I wander toward the window again. Outside, the streetlights cast long shadows across the empty road.

Nimbus curls up on the couch, already asleep. I sip my tea and stare at nothing for a long time, wondering when everything started to feel so complicated.

It used to be easy—work, home, friends, repeat. Then Liam had to go and ruin the simple parts by being kind when I needed it most. Then Maddox came along with that smile that looks like trouble and a heart that’s too damn big for his chest.

And now here I am, fighting off thoughts that make my skin too warm and my breath too shallow.

It’s almost one when I give up pretending I’m tired.
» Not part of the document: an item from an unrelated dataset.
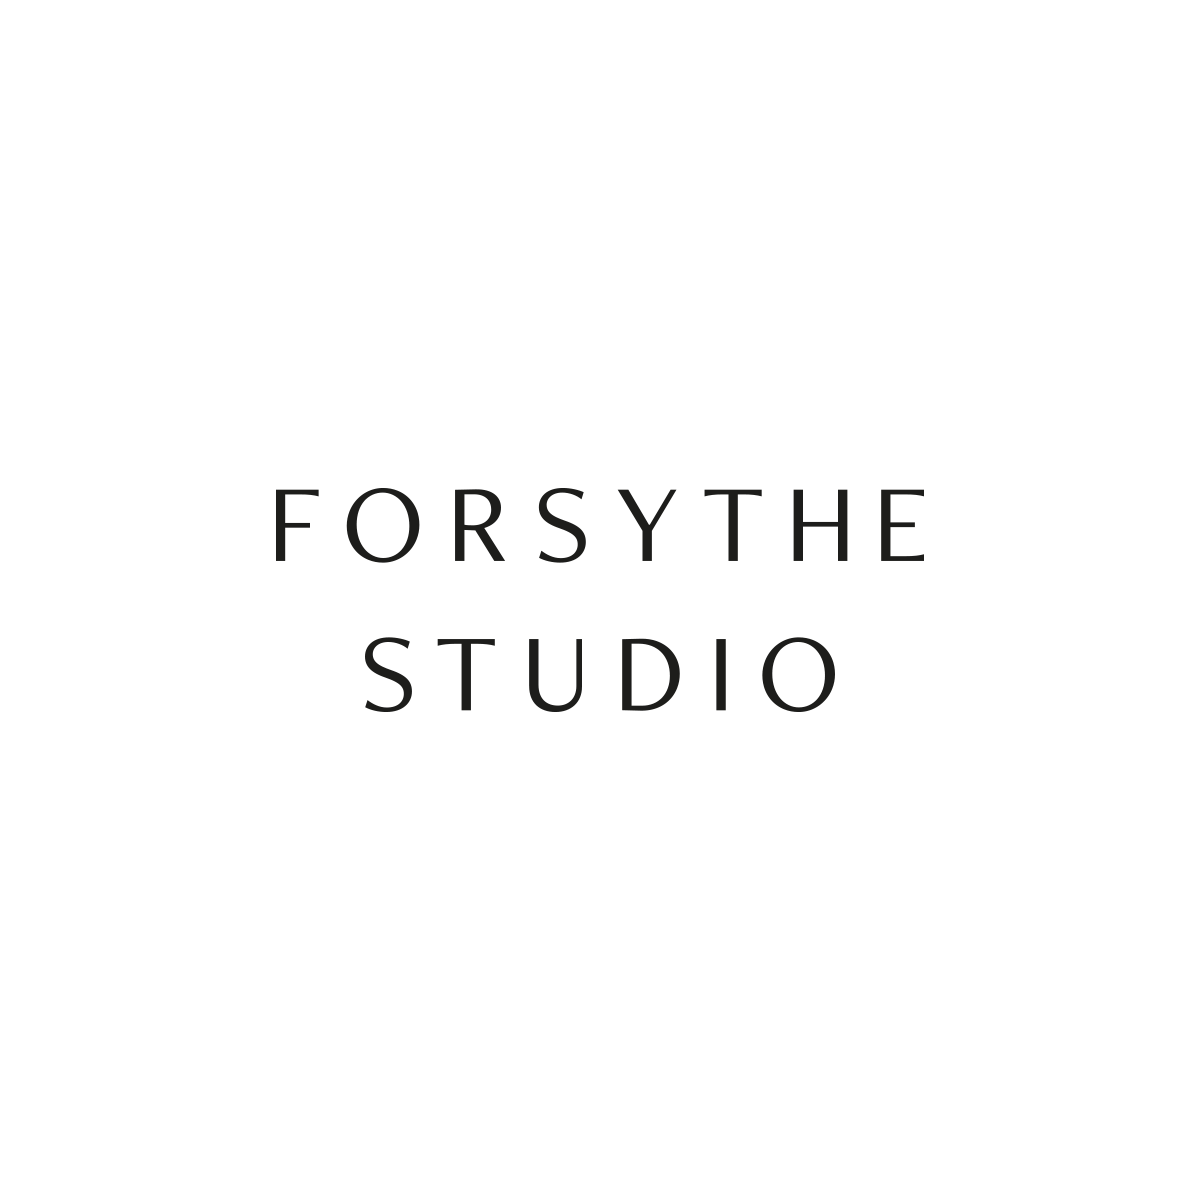 Forsythe Studio

The book on my lap hasn’t moved in twenty minutes, and the tea on the table has gone cold. Nimbus is asleep on the couch, paws twitching like he’s chasing ghosts. I stand, grab my denim jacket from the hook, and tell myself a night out isn’t the worst idea.

The air outside tastes like salt and leftover rain. The street’s empty, just the sound of the ocean in the distance. I open the ride-share app, type inBar 2.0, and wait for the little car icon to move.